Я вспоминаю о вечере в честь возвращения в школу, и меня передергивает. Потом я говорю:
– Ну, выбирать парней для Кейт у меня получается лучше, чем у нее самой. И знаешь почему? Я не ослеплена любовью и руководствуюсь логикой.
– Тебе не нравился ни один из ее ухажеров.
– Спасибо, что сообщил.
– Ну ладно. Напомни-ка, что было не так с последним.
– Кукуруза.
– Кукуруза? – спрашивает тетя Пэт.
– Кукуруза, – подтверждает Стью.
– Он питался только кукурузой, мясом и шоколадом, – сообщаю я тете. – Вот тут проницательность и изменила Кейт. Она же обожает кулинарию. И ест уйму крестоцветных. И как бы она могла готовить день за днем для взрослого мужчины, который не ест ничего, что можно приготовить? Логично, что он для Кейт – неподходящая пара. Я так и знала, что они расстанутся. И просто предложила ускорить процесс.
– Крестоцветные, – говорит Стью. – А не клубневые?
– И эти тоже.
– А как насчет бобовых?
– Опять в яблочко.
– А как зовут ее нового приятеля? – спрашивает тетя Пэт.
– Джофф через «е», с тремя «ф» и немой «п». Пджеффф.
– Ну что ж, я надеюсь, что Джофф-через-е любит самые разные овощи, – говорит она.
– Вот сегодня и узнаем.
Когда тетя Пэт поворачивается к двери, я останавливаю ее вопросом:
– А вы знаете, что тут нитка распускается?

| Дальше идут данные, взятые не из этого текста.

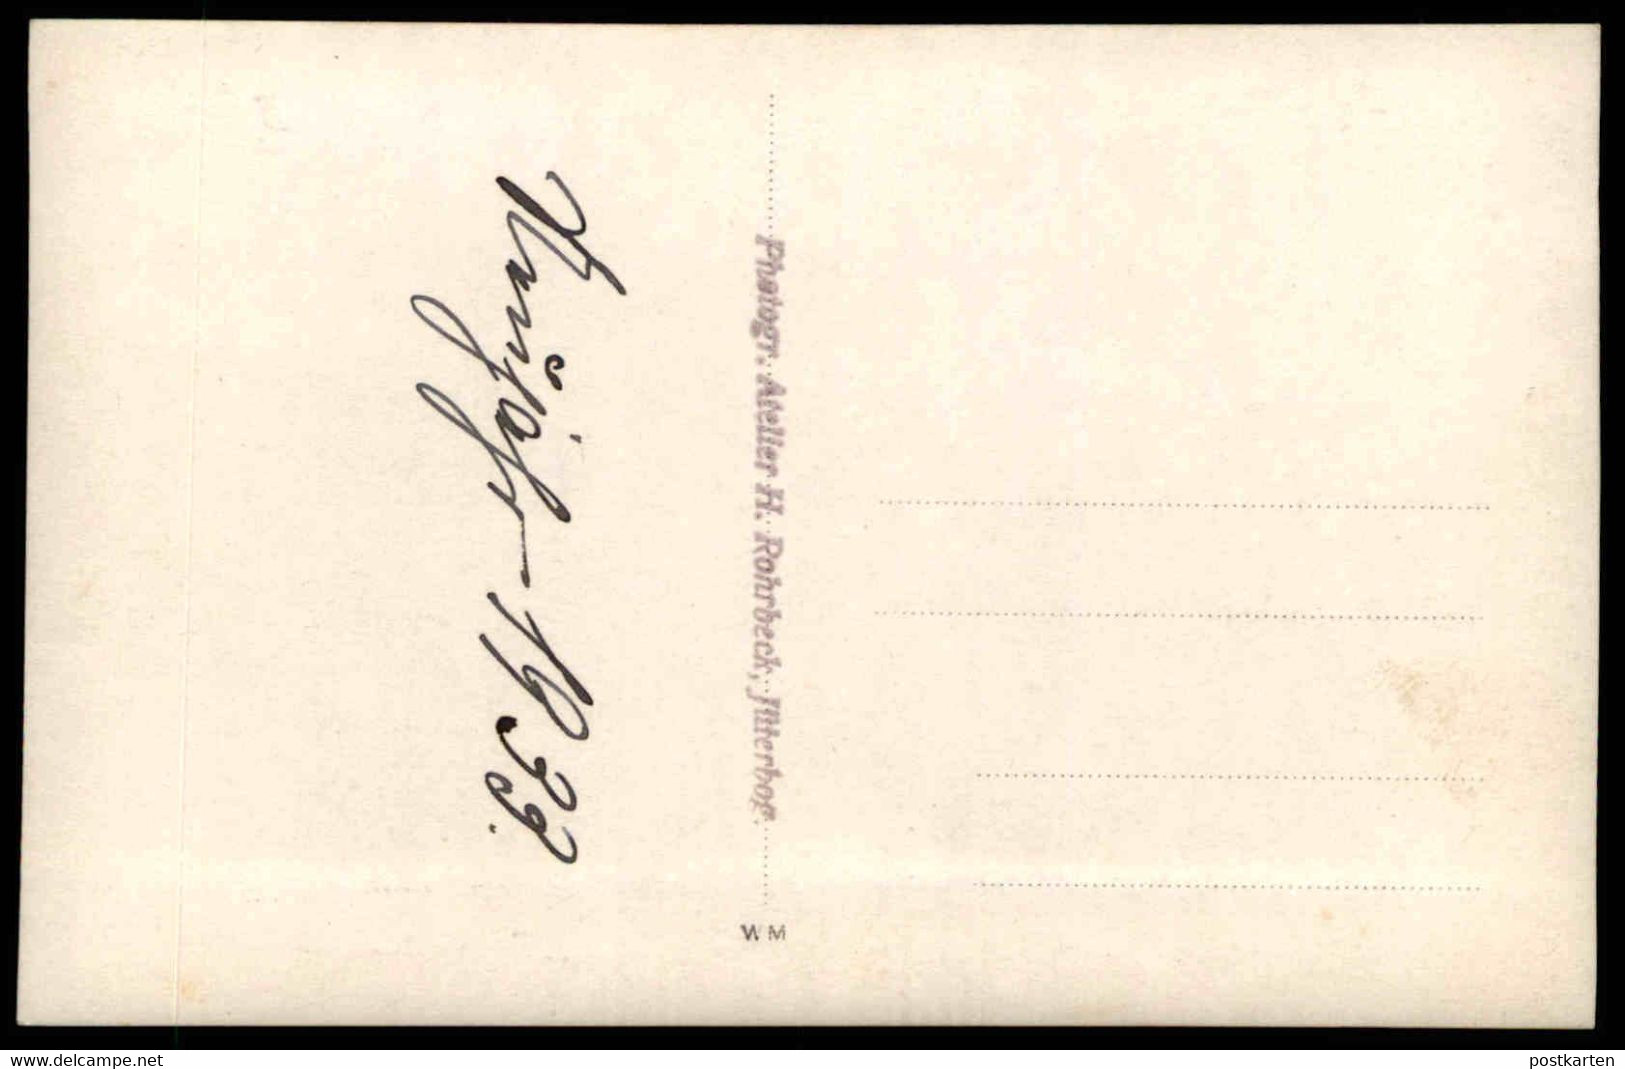 ALTE FOTO POSTKARTE SYLVESTER JÜTERBOG 31.12.1932 WOHNZIMMER NEUJAHR 1933 Familie Weihnachten Ansichtskarte Cpa Postcard - Jueterbog
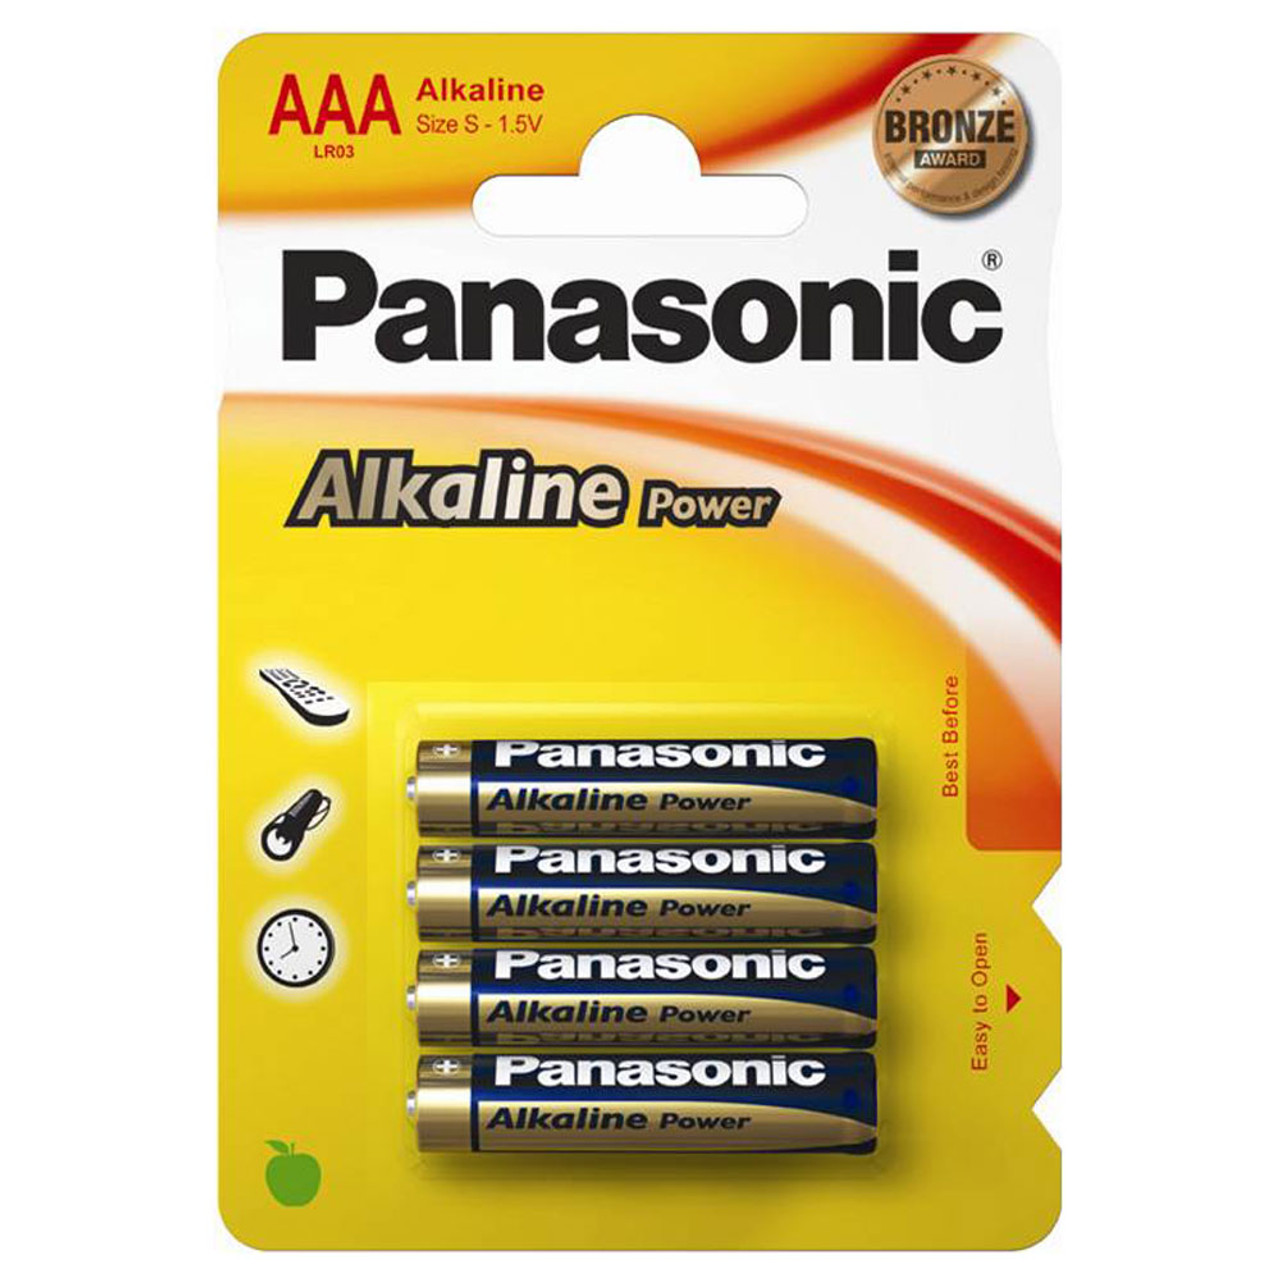 Panasonic Alkaline Power (Bronze) AAA LR03 Batteries | 4 Pack

– Покажи, – она подходит поближе, и я указываю пальцем. – А, да, вижу. Просто дерни посильней.
Стью пожимает плечами:
– Я так и сказал.
– Не могу. А что, если она просто станет длиннее? А что, если ткань сморщится? А если все порвется…
– Вот, смотри, – тетя Пэт протягивает через меня руку и резко выдергивает нитку. Я вздрагиваю. – И никаких проблем, – она одаривает меня мимолетной улыбкой и покидает комнату.
Я смотрю на свои часы. Почти половина шестого.
– Мне пора. – Я спрыгиваю с кровати, неудачно приземляюсь на ногу и валюсь на пол.
Стью со злорадной ухмылкой играет начало Пятой симфонии Бетховена:
Та-та-та-таааааам!
– Деннис ДеЯнг помог бы мне подняться, – сообщаю я, поднимаясь на ноги и поправляя очки. Пострадала лишь моя гордость.
– Стю Вейгмейкер считает, что ты растяпа.
– Ах да. – Я останавливаюсь в дверях. – Сегодня Джен Ауэрбах сказала мне, что ты ей вроде бы нравишься.
– Она не уверена?
Я пожимаю плечами:
– В настоящий момент ей многие нравятся. Но вообще это неважно, потому что я сказала держаться от тебя подальше.
– В самом деле? И почему же?
– Если не считать того факта, что ты сейчас встречаешься с Сарой Селман?
– Да, не считая этого.
– Я сказала ей, что для серьезных отношений ты не подходишь.
– Неправда, подхожу.
– Неа.
– Неправда, – выговаривает он по слогам. – Подхожу.
– Не подходишь! – кричит Софи из своей комнаты.
– Вот видишь.
– Вы обе ошибаетесь, – говорит он и небрежно берет еще пару аккордов.
– Сара у тебя уже третья в этом календарном году. А ведь на дворе еще только март.
– Сегодня уже двадцать пятое, – протестует он. – Как-никак последний вторник месяца.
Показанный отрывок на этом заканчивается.